Introducing the winning projects of the Letterenfonds Foundation!

We have great news to share with you!

Five artists from our Ukrainian community won grants from the Support Programme for Ukrainian Artists 2024 financed by the Ministry of Education, Culture and Science and the Ministry of Foreign Affairs of the Netherlands!

This means that very soon you will be presented with very diverse Ukrainian projects, which include visual art, literature, art therapy, fashion and education. All projects will take place with the assistance and support of the VATAHA Foundation.

In this article, in order to introduce you to the winners and their projects, we asked them the same three questions:

1. What kind of project will they implement,

2. When can the public expect the project, and where exactly can it be seen?

3. Who will be primarily interested in the project and why?

Anastasia Prokofieva

Installation “Fragments of Resilience”

Photo: Alexandru Vasilachi

  • What kind of project will you implement?

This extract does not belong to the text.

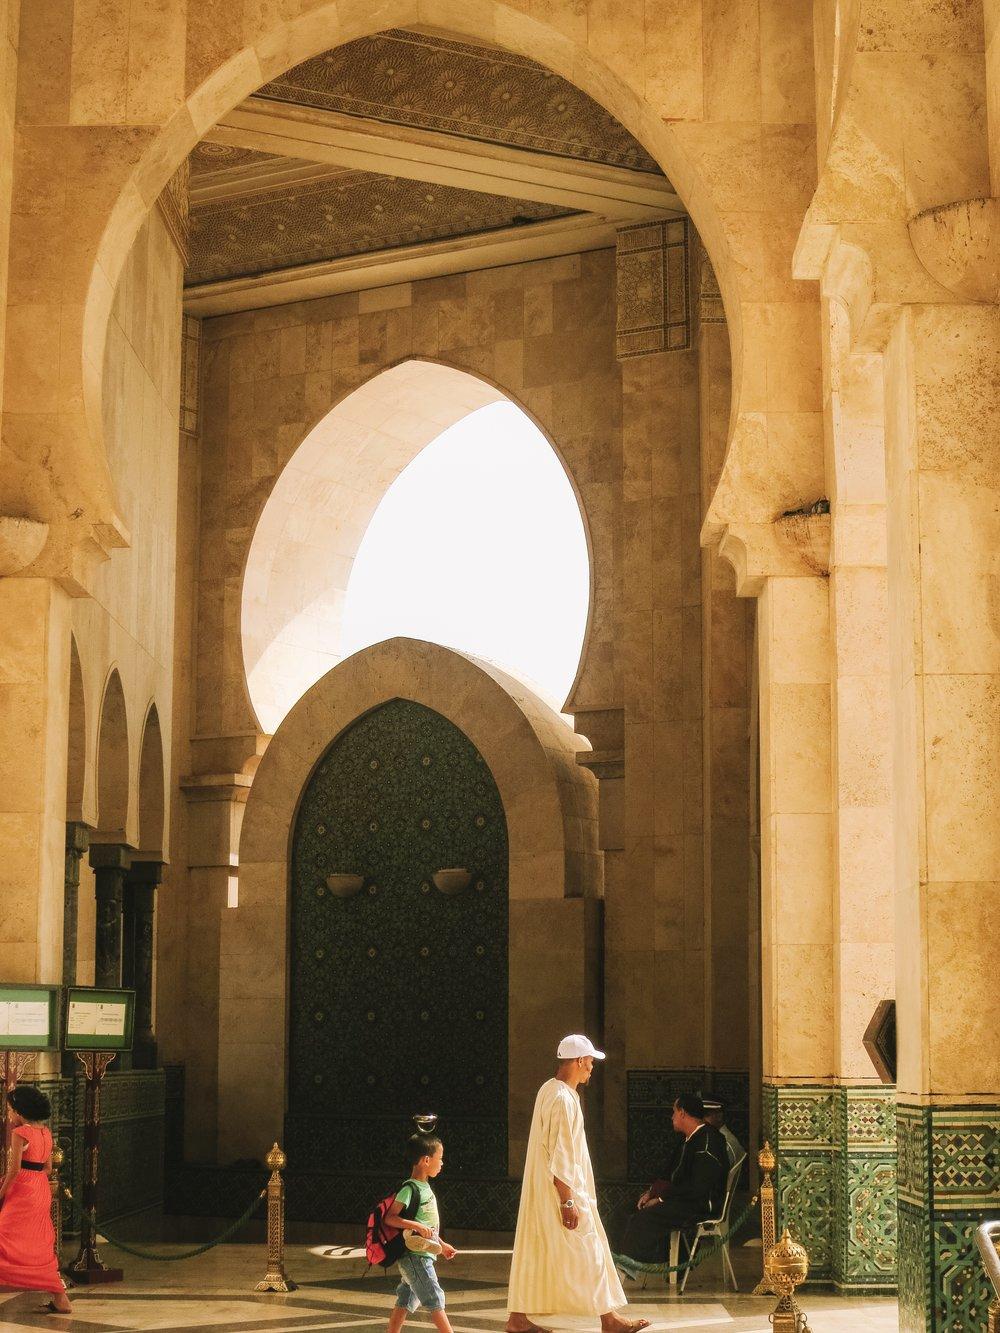 カサブランカカサブランカ - モロッコで一番の都市ということで、ガイドブックでみるようなモロッコらしさは少なからずまめんは、モダンで都会的な空間を示しています。日本からモロッコへのゲートシティ。楽しみます。写真はモロッコで最大、世界でも5番目に大きいモスク「ハッサン2世モスク」。夕日があってなにもロマンティック。お祈りをする人、おしゃべりをする人、ぼんやりしている人、デートしている人、、、時間が穏やかに流れて、皆がのんびり過ぎているのが印象的でした。小さい子が頭にカップをのせて歩いているのがキット!

Fragments of Resilience is a project about an adaptation process where the emotional trauma of loss can develop into memories and a supportive frame for the future. Since the onset of Russian aggression against Ukraine in 2014, and especially since the full-scale invasion in 2022, an enduring sense of loss has taken root in Ukrainian society. So as Ukrainians – at home or abroad – continue their fight for freedom and independence, they deal not only with the tangible disruptions caused by war but also with the intangible absence of their pre-war existence.

It is within this confluence of collective grief and resilience that my project is centred. It will provide a space for transforming this feeling of loss into a repository of memories that can serve as foundations of strength and resilience for the future.

The project will be executed in three phases: a combination of participatory workshops and a process of translation that I will create, that together will lead to a public interactive installation to be presented during an event organised by VATAHA foundation.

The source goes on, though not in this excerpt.